Data extract Start Marker

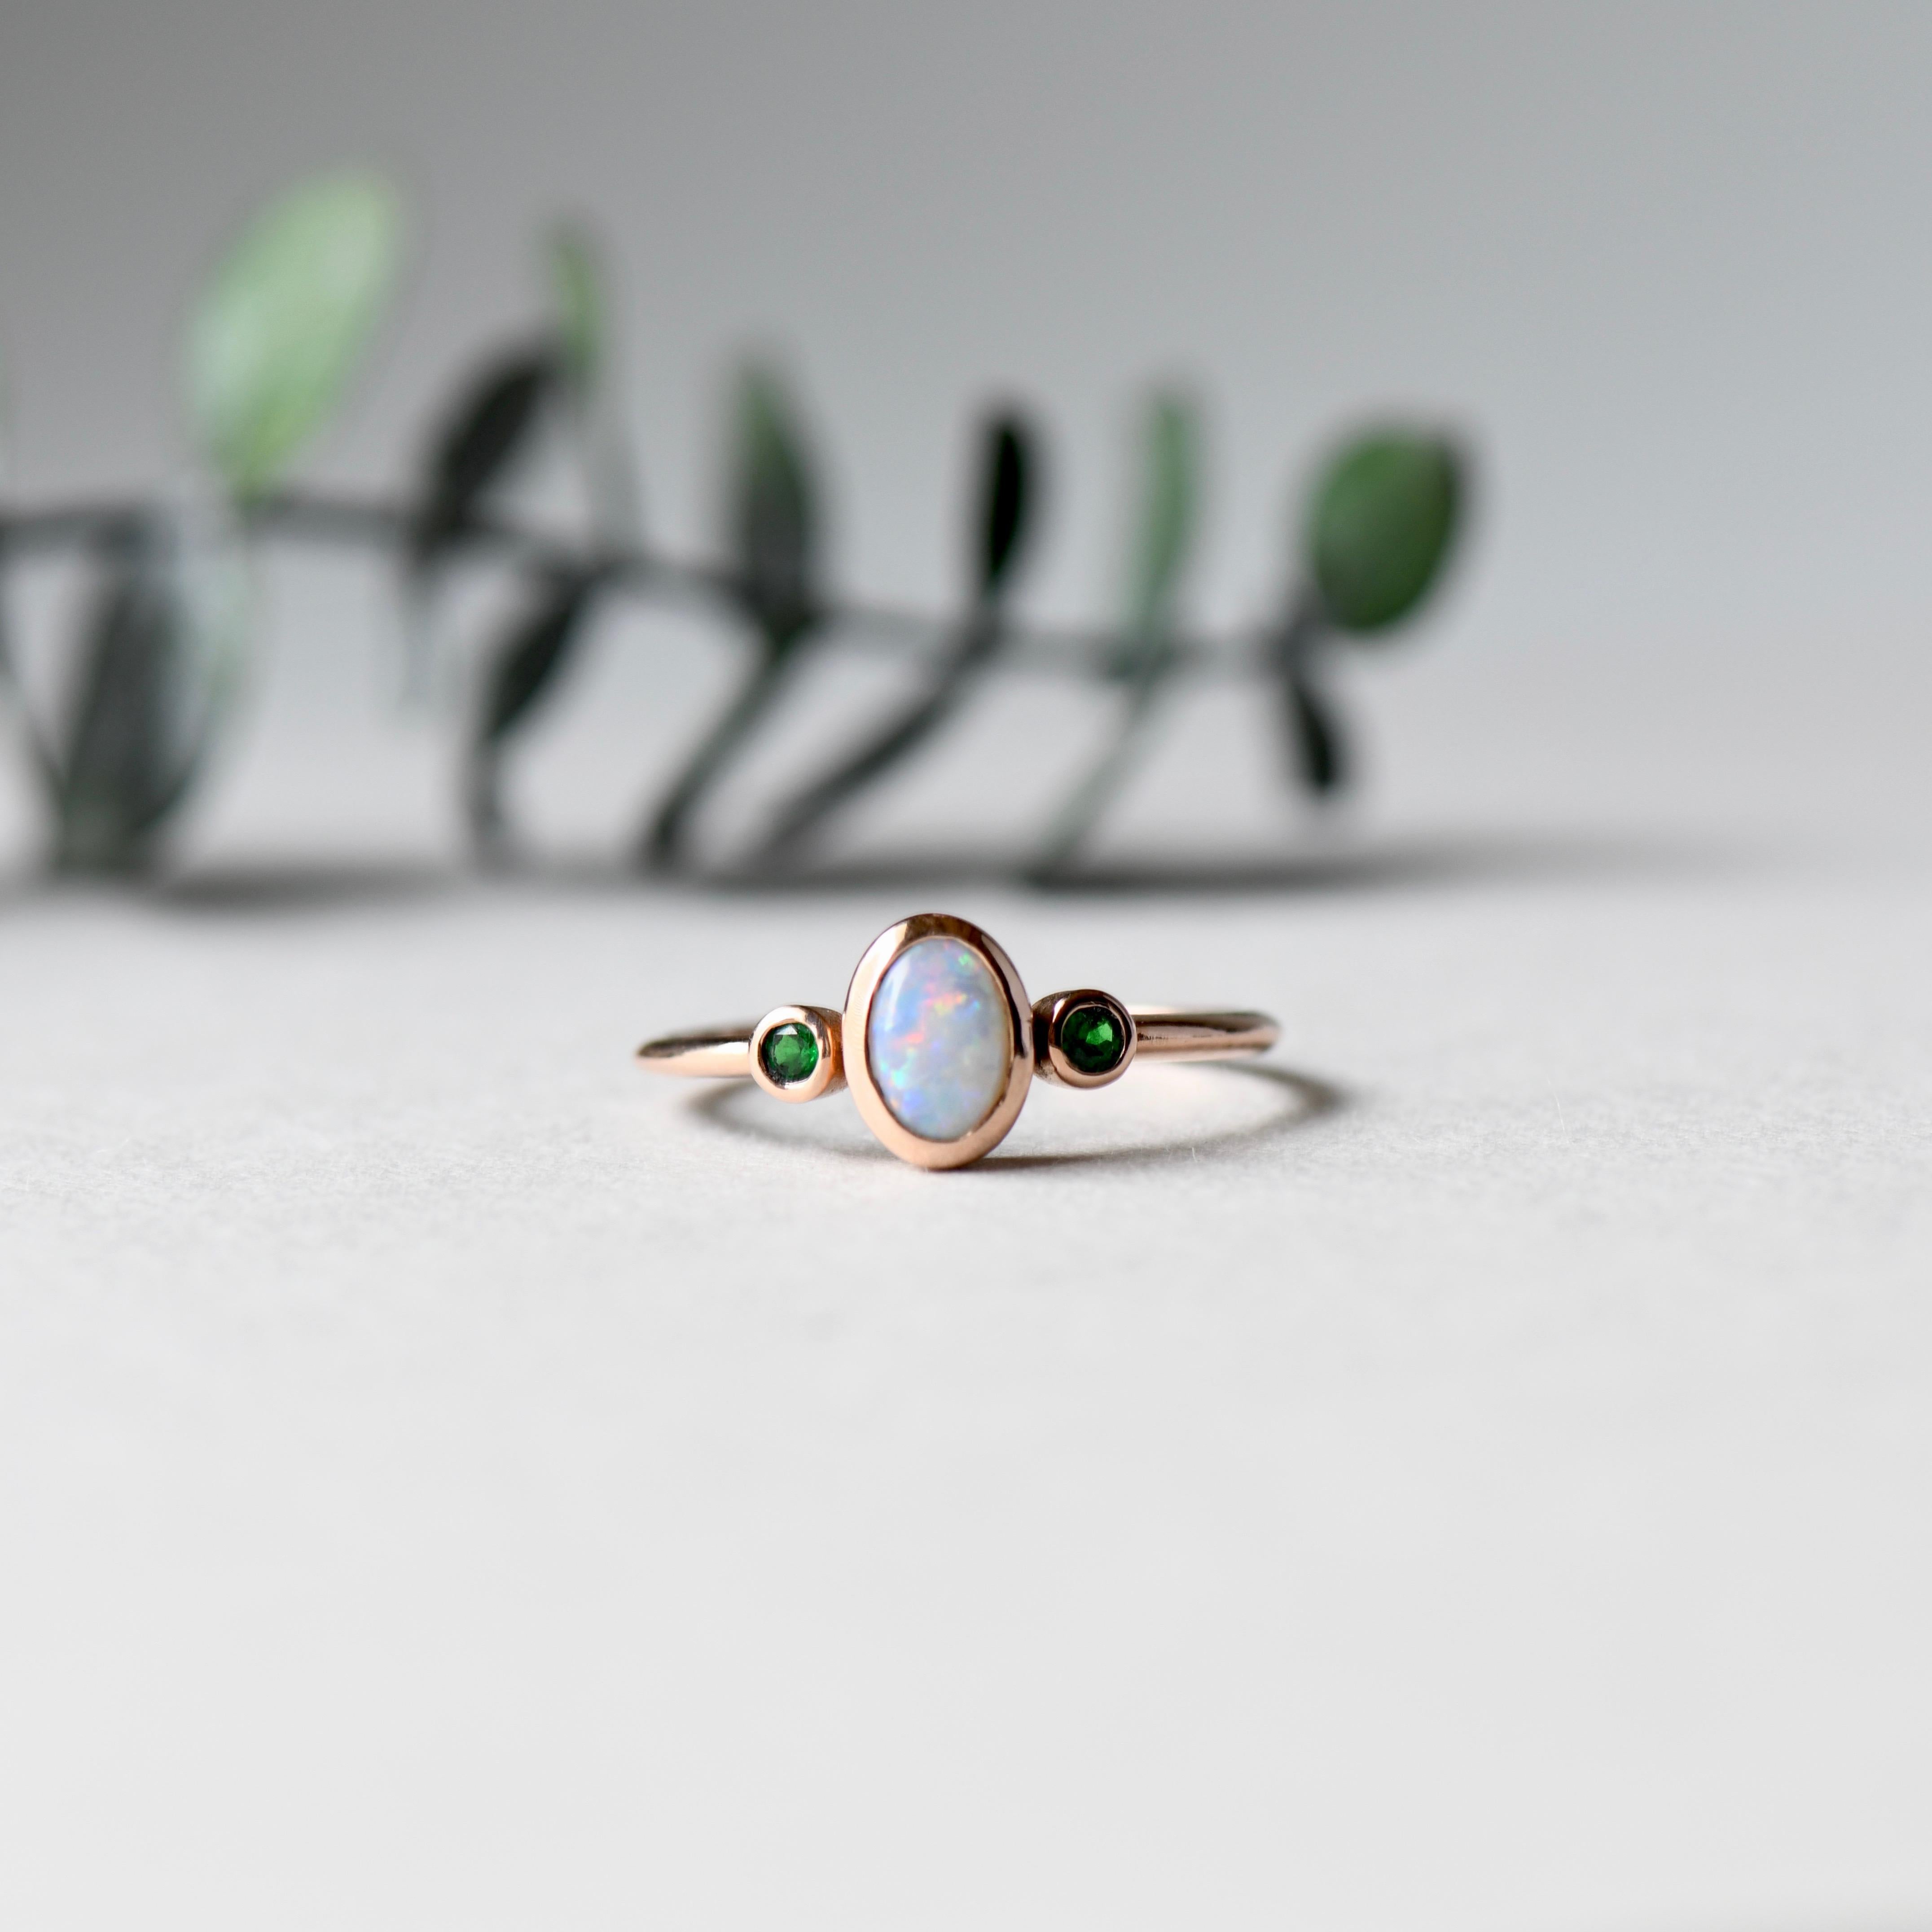 what do opals symbolize
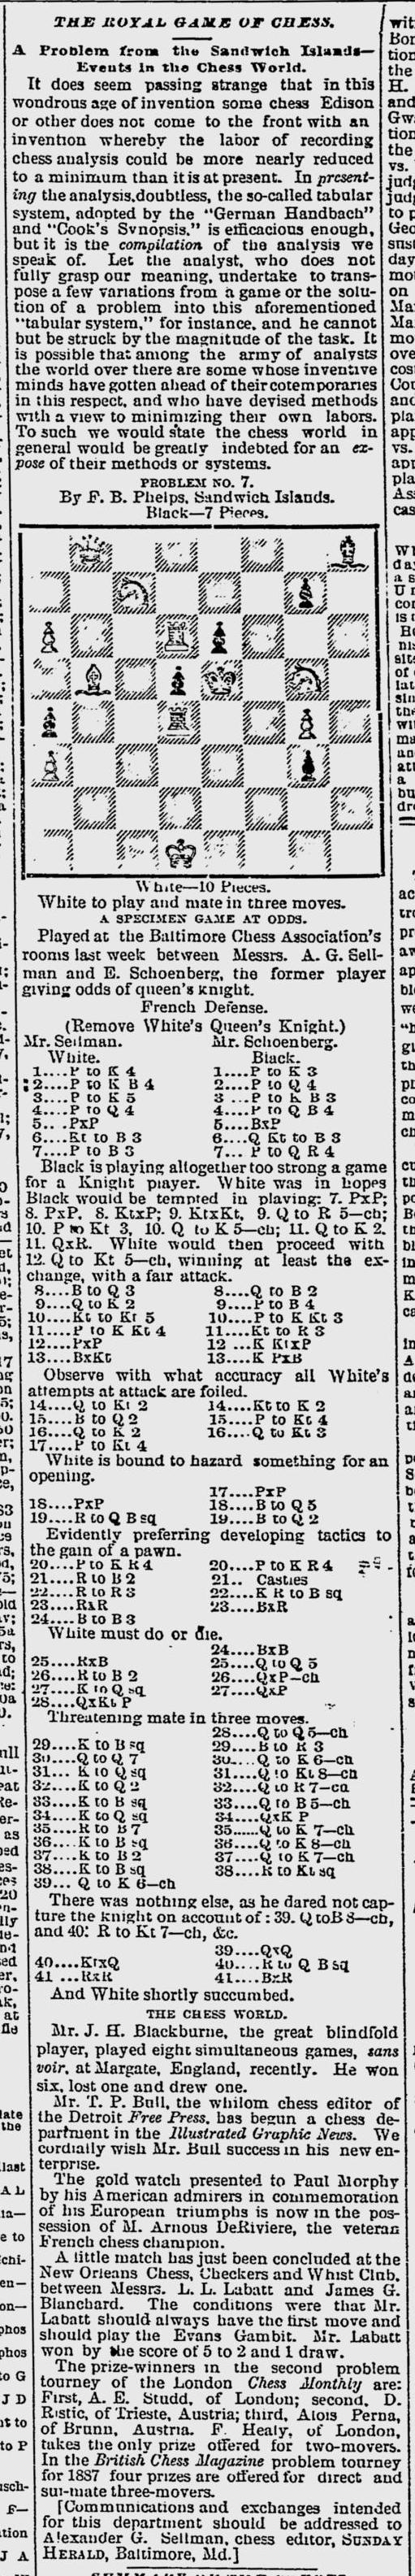 1886.12.19-01 Baltimore Sunday Herald.jpg
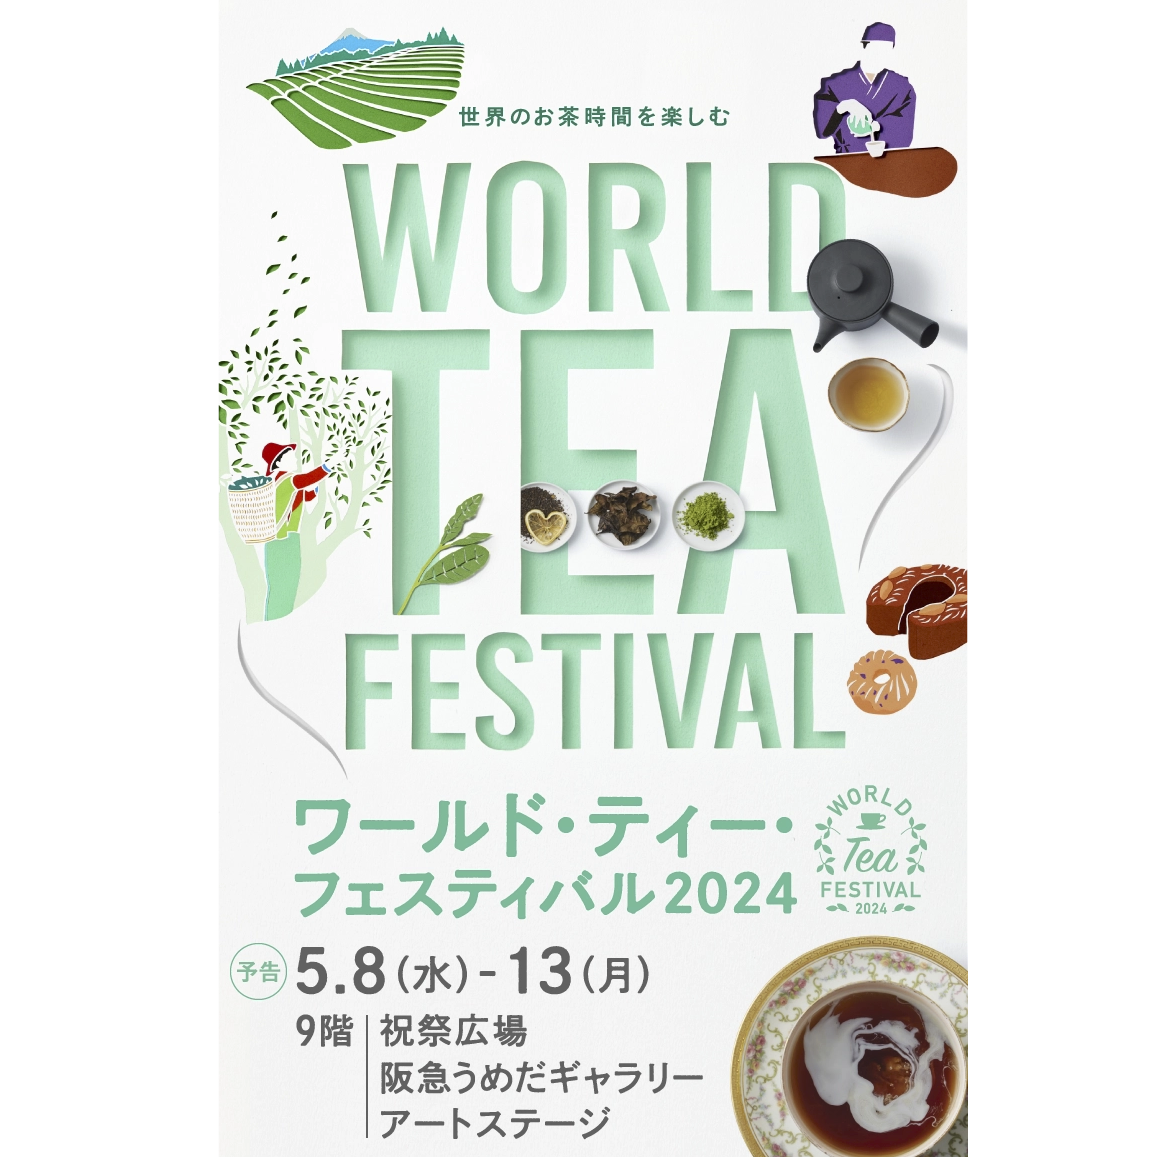 【EVENT】阪急うめだ本店「ワールドティーフェスティバル2024」出展のお知らせ

Data extract End Marker

## Your assignment
Retype the listing above exactly as it appears, omitting the pictures.

## Exercise output
 what do opals symbolize
 1886.12.19-01 Baltimore Sunday Herald.jpg
 【EVENT】阪急うめだ本店「ワールドティーフェスティバル2024」出展のお知らせ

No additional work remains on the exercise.